Küpe affı 2017 yılının sonuna
kadar devam edecek
Karayılan, “Bizim yeterli hayvanımız var. Belki de 150 bin kayıtlı hayvan sayısı küpe affıyla birlikte 180-190 bine çıkacak yani ortalama yüzde 20 artış olacağını düşünüyorum. Belki de küçük başta 500 bin yerine 600 bin hayvan çıkacak. Bu da Türkiye’deki mevcut hayvan sayısının artması demek. Dolayısıyla 2017 yılının sonuna kadar küpe affından herkes faydalanabilecek ve şu anda hayvanların küpelerini vurmaya başladık ve para almıyoruz. Bunların hepsinin kayıt altına aldığımızda hayvan sayımızın arttığını göreceğiz. Bu şekilde hayvan sayısı resmi olarak da netleşmiş olacak” ifadesini kullandı.
Bir yılda yaklaşık 400
bin buzağı ölüyor
Buzağı ölümlerine de dikkat çeken İl Gıda, Tarım ve Hayvancılık Müdürü Mehmet Karayılan, bu konuda da ciddi çalışmaların olduğunun altını çizdi. “Bir yılda yaklaşık 400 bin buzağı ölüyor. Buzağı ölümlerini engellerseniz dışa bağımlılığı çok ciddi anlamda azaltırsınız. Dışa bağımlılığı azaltmak için buzağı ölümlerini durduracağız ve çok genç yaştaki hayvanları kestirmeyeceğiz. Bu şekilde hayvan açığımızı kapatmış olabiliriz. Ama maalesef bazı çevreler bu konuda spekülasyon yapıyor” ifadelerine yer verdi.
Hayvancılıkta eğitim
çok önemli
Hayvancılıkta eğitimin önemli olduğunu kaydeden Karayılan, “Eğitimli insanlar hayvancılıkla uğraşmaz ya da hayvancılıkla uğraşanlar bununla ilgili eğitim almazlarsa buzağıların ölümünü engelleyemezsiniz. Çünkü buzağı yeni doğan bir yavru ve bu yavruya nasıl bakılacağını bilmezsen, onun sıcak ve soğukluğunu ayarlayamazsan ve yemleme ihtiyacını yapamazsan yavru ishal olur ve ishal olduktan sonra ölür. Burada buzağıyla ilgili bilinçli bir sektörün oluşması gerekiyor. Mesela 100 inek doğum yaptı ve 100 buzağı doğdu. Doğan buzağılarla o işletmelerde devam etmemeliyim. Buzağı yetiştiriciliğini de farklı bir bölüme almalıyım. Nasıl ki hastaneler çocuk doktoru, cilt doktoru veya diş doktoru var ise bunda da aynısı olması lazım. Hayvanı hayvan olarak görüyoruz, ama bun yanlış bir algı” şeklinde açıklama yaptı.

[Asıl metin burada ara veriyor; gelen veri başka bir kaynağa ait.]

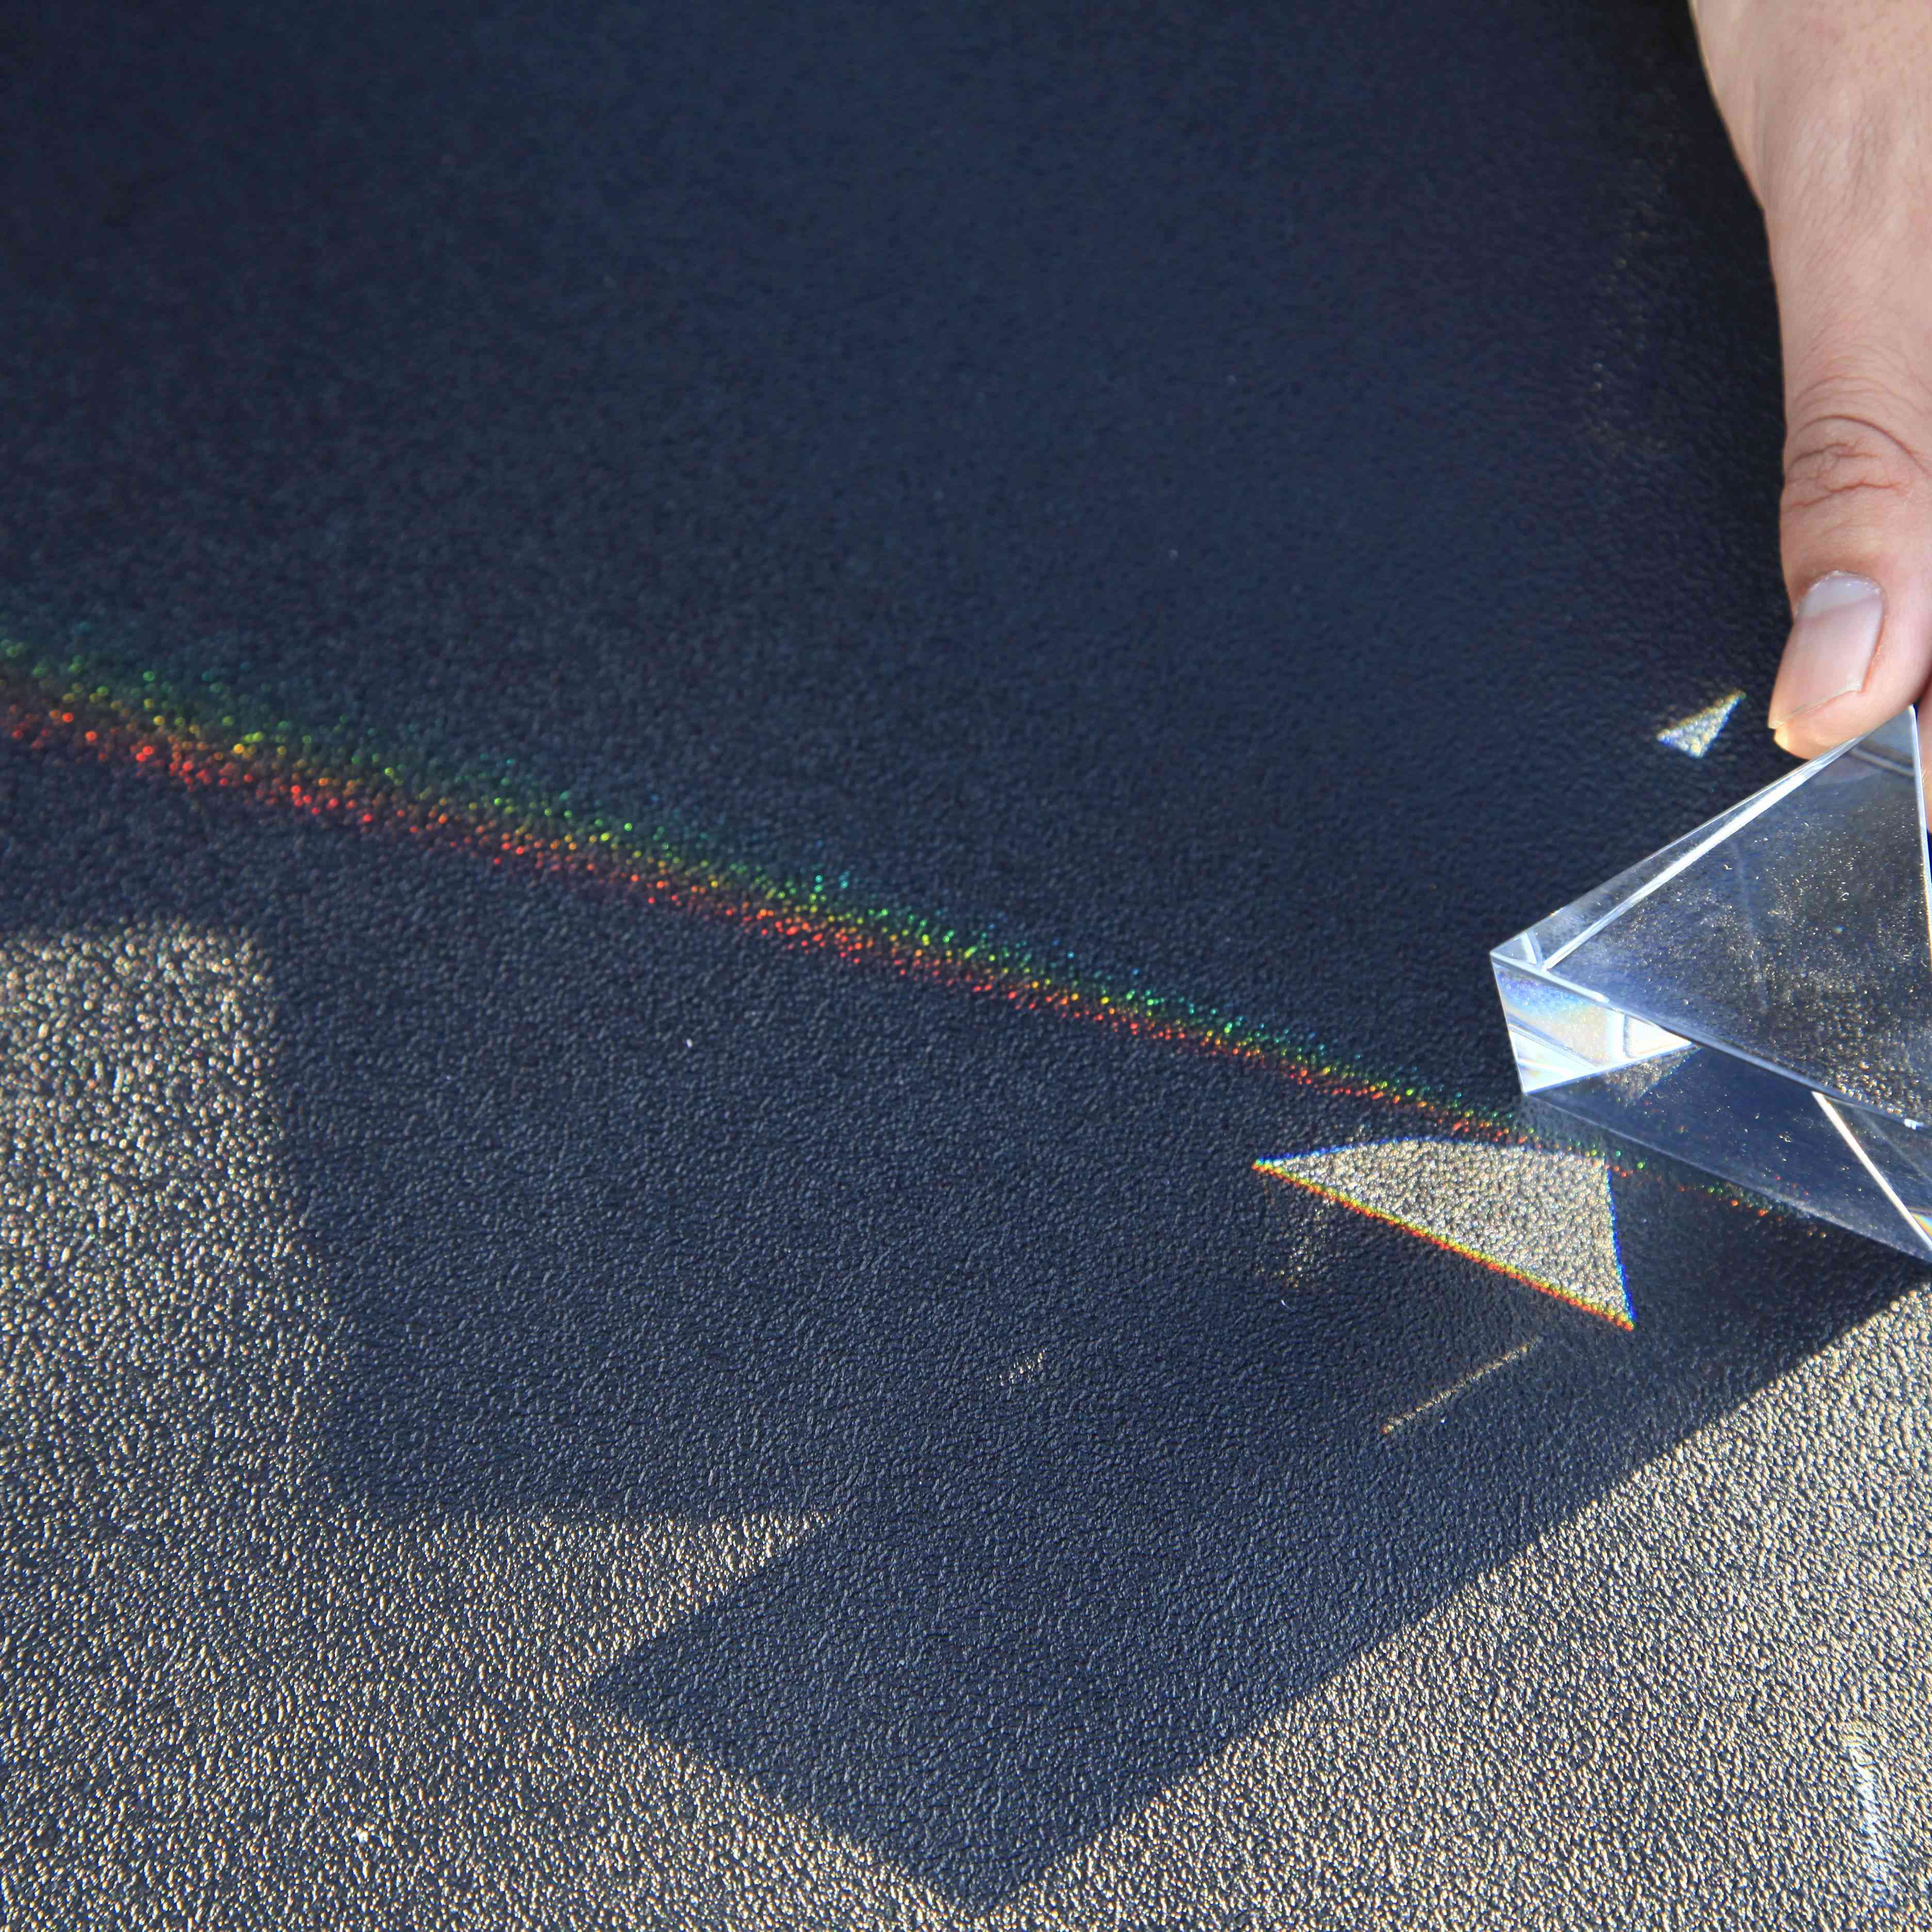 Transparent Rainbow Polyhedral Pyramid Prism

Süt hayvanına ve besi hayvanına
bakamın farklı olması gerekiyor
Şu anda bir inekten 65 litre süt aldıklarını ifade eden Karayılan, “Türkiye ortalaması 18 litre ve Gaziantep’te de günde 22 litre süt alıyoruz . Günlük süt üretimimiz 600 ton. Süt hayvanına ve besi hayvanına bakamın farklı ve yavruya bakımın farklı olması gerekiyor. Hayvan aynı hayvan niye burada 15 litre sür veriyor da orada 65 litre süt veriyor. İşte bu bakımdan geçiyor ve bunu iyi irdelemek gerekiyor. Büyüğe ve küçüğe bakmak farklıdır. O yüzden küçük hayvanları ayırmak lazım” diye açıklamada bulundu.
Hayvancılık yaparken
bilinçli olmak lazım
“Hayvancılık yaparken bilinçli olmak lazım” diyen İl Gıda, Tarım ve Hayvancılık Müdürü Mehmet Karayılan, “Hayvancılık bir hobi değildir. Bir meslek ve o üreticilere ihtiyacımız var. Şu anda onların eğitimine de çok önem veriyoruz. Çoban eğitimi de veriyoruz. Çoban eğitimi almadan hayvanları yayamazsın, yayamadığın zaman hayvana iyi bakamazsın. Hayvan doğuracağı zaman anlayamazsın, yere düştüğü zaman neden düştüğünü bilemezsen hayvanı kaybedersin. Çobanda hayvan doktoru aslında. 2015 yılında 175, 2016 ‘da 226 ve 2017’ de 109 kişiye çobanlık eğitimi verdik” dedi.Hüseyin Karataş
Hayvan kayıtları küpe
üzerinden yapılıyor
Hayvan kayıtlarının küpe üzerinden yaptıklarını belirten Karayılan, “Sahaya indiğimizde 550 binden fazla büyük baş ve 150 binden fazla küçük baş hayvanın olduğunu görüyoruz. Ama bunları kayıt altına almak çok zor. Çünkü bir inek doğduğu zaman sahibi 3 ay içinde bize müracaat etmesi lazım ki kayıt altına alalım. Yoksa 680 TL ceza yazmak zorunda kalıyoruz. Çiftçilerin bu fiyatın altından kalkması çok zor ve 680 TL ceza yazılacağını bildiği içinde kayıt yaptırmaya gelmiyordu” şeklinde konuştu.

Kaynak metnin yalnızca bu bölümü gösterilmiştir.